Stay-at-home orders, intended to protect the health of the public and prevent further spread of COVID-19, have had unintended consequences of increasing the potential for intimate partner violence.
Officials with StrengthUnited — a chartered center operated through California State University, Northridge’s Michael D. Eisner College of Education to assist those affected by violence, sexual abuse and trauma — have seen a large uptick in the calls to its crisis hotline. In response, the agency has created a series of online talks and presentations to help people during this uncertain time.
“Today, we face an unprecedented health crisis,” said Kim Goldberg-Roth, LMFT, executive director of StrengthUnited. “But there is a second crisis affecting many of our neighbors — domestic violence is on the rise. At Strength United, we have seen a 42 percent increase in calls to our crisis hotline. No one entity can solve this crisis. Only when we come together can we make a difference, and the way our state, county and city have recognized and responded to this crisis speaks volumes about what we can achieve together.”

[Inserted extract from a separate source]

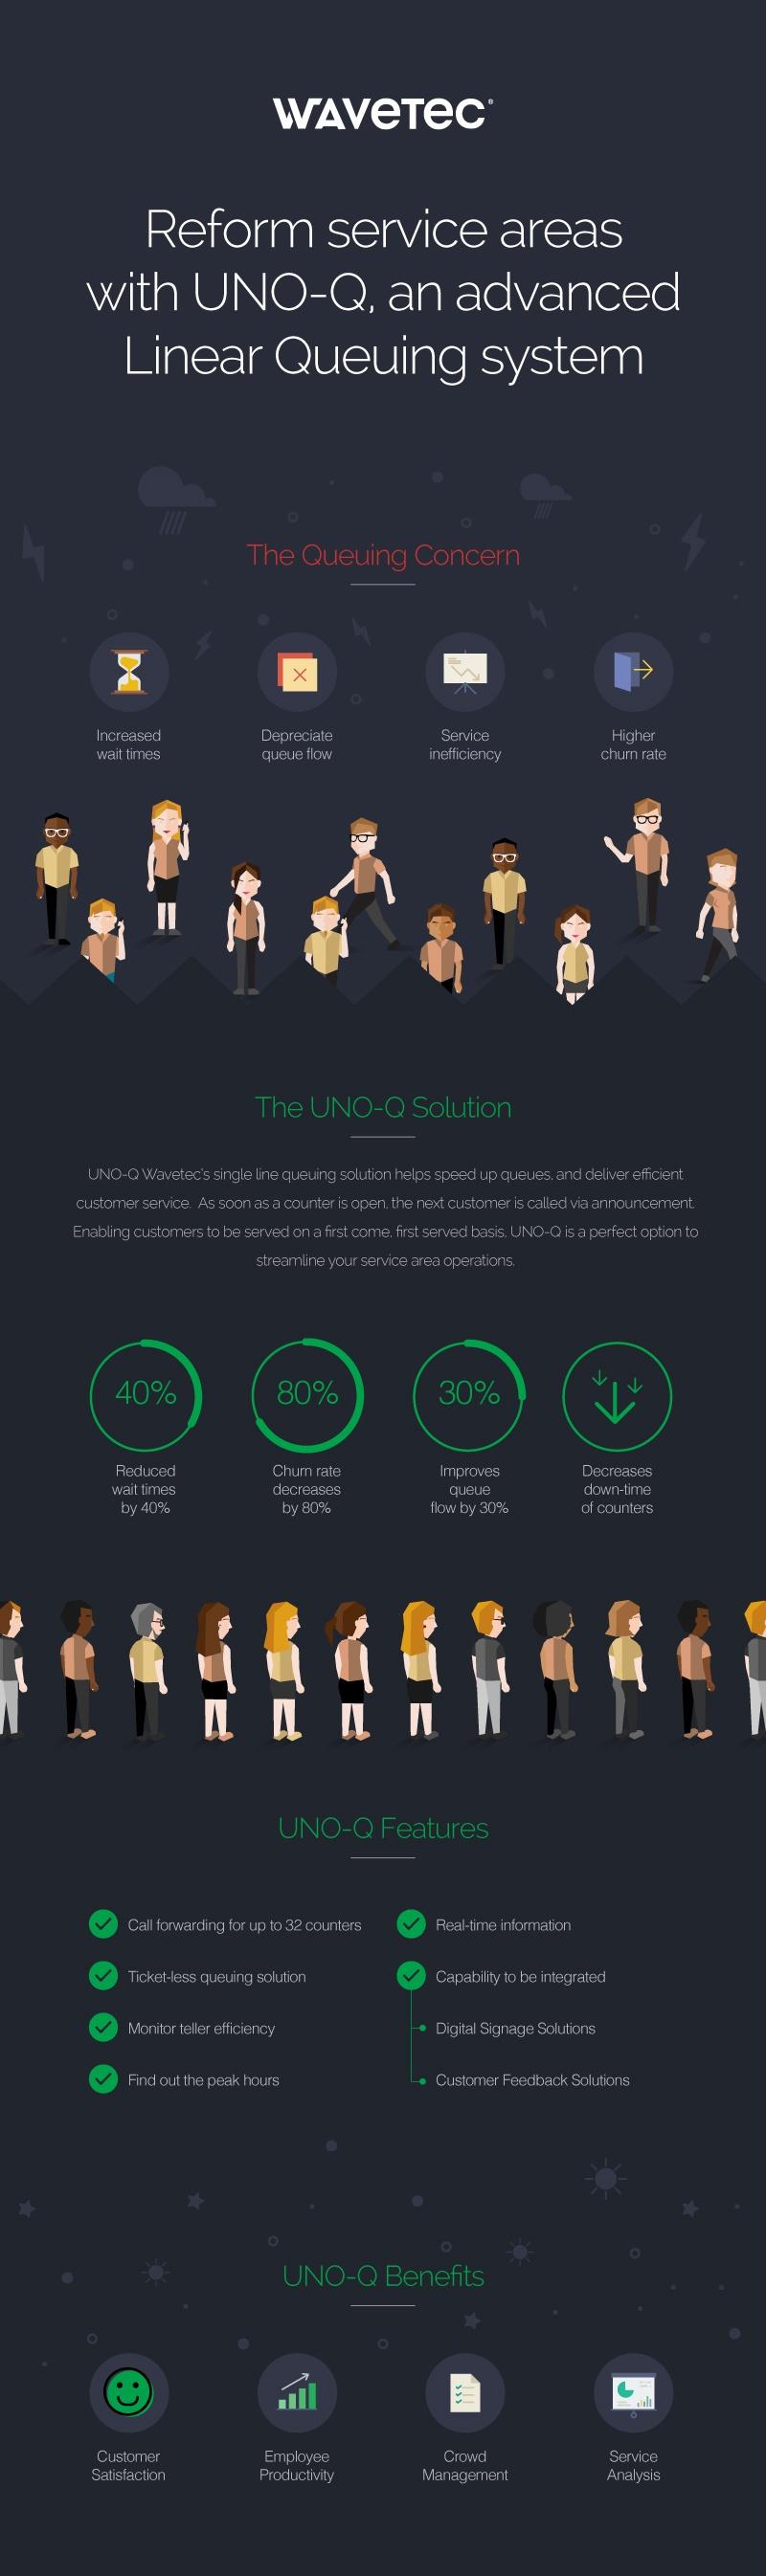 unoq_infographic_3_2.jpg

October was Domestic Violence Awareness Month. StrengthUnited used the time to remind the public of the resources and services it offers the community.
Throughout October, hundreds of participants joined more than a dozen virtual talks and activities, including focused discussions on topics like elder abuse and teen dating violence, classes on financial literacy, and wellness activities like Zumba.
The agency offers a 24/7 Support and Resource Line that provides crisis intervention, emotional support, guidance for giving and receiving help, and referrals to community resources when in need. StrengthUnited is also known for its 24 hour SART Team, a team of certified professionals who provide services to individuals of all ages.
According to StrengthUnited, “trained and certified volunteer advocates and counselors provide information and emotional support, answer questions, connect individuals and families to resources, and facilitate the journey through the emotional, medical and legal aftermath of the assault/abuse.”
The National Coalition Against Domestic Violence estimates that nearly 20 people per minute are physically abused by an intimate partner in the United States. That means, more than 10 million men and women are physically abused every year. The COVID-19 pandemic has forced many individuals to stay home and has strained family finances, stressors that can lead to violence.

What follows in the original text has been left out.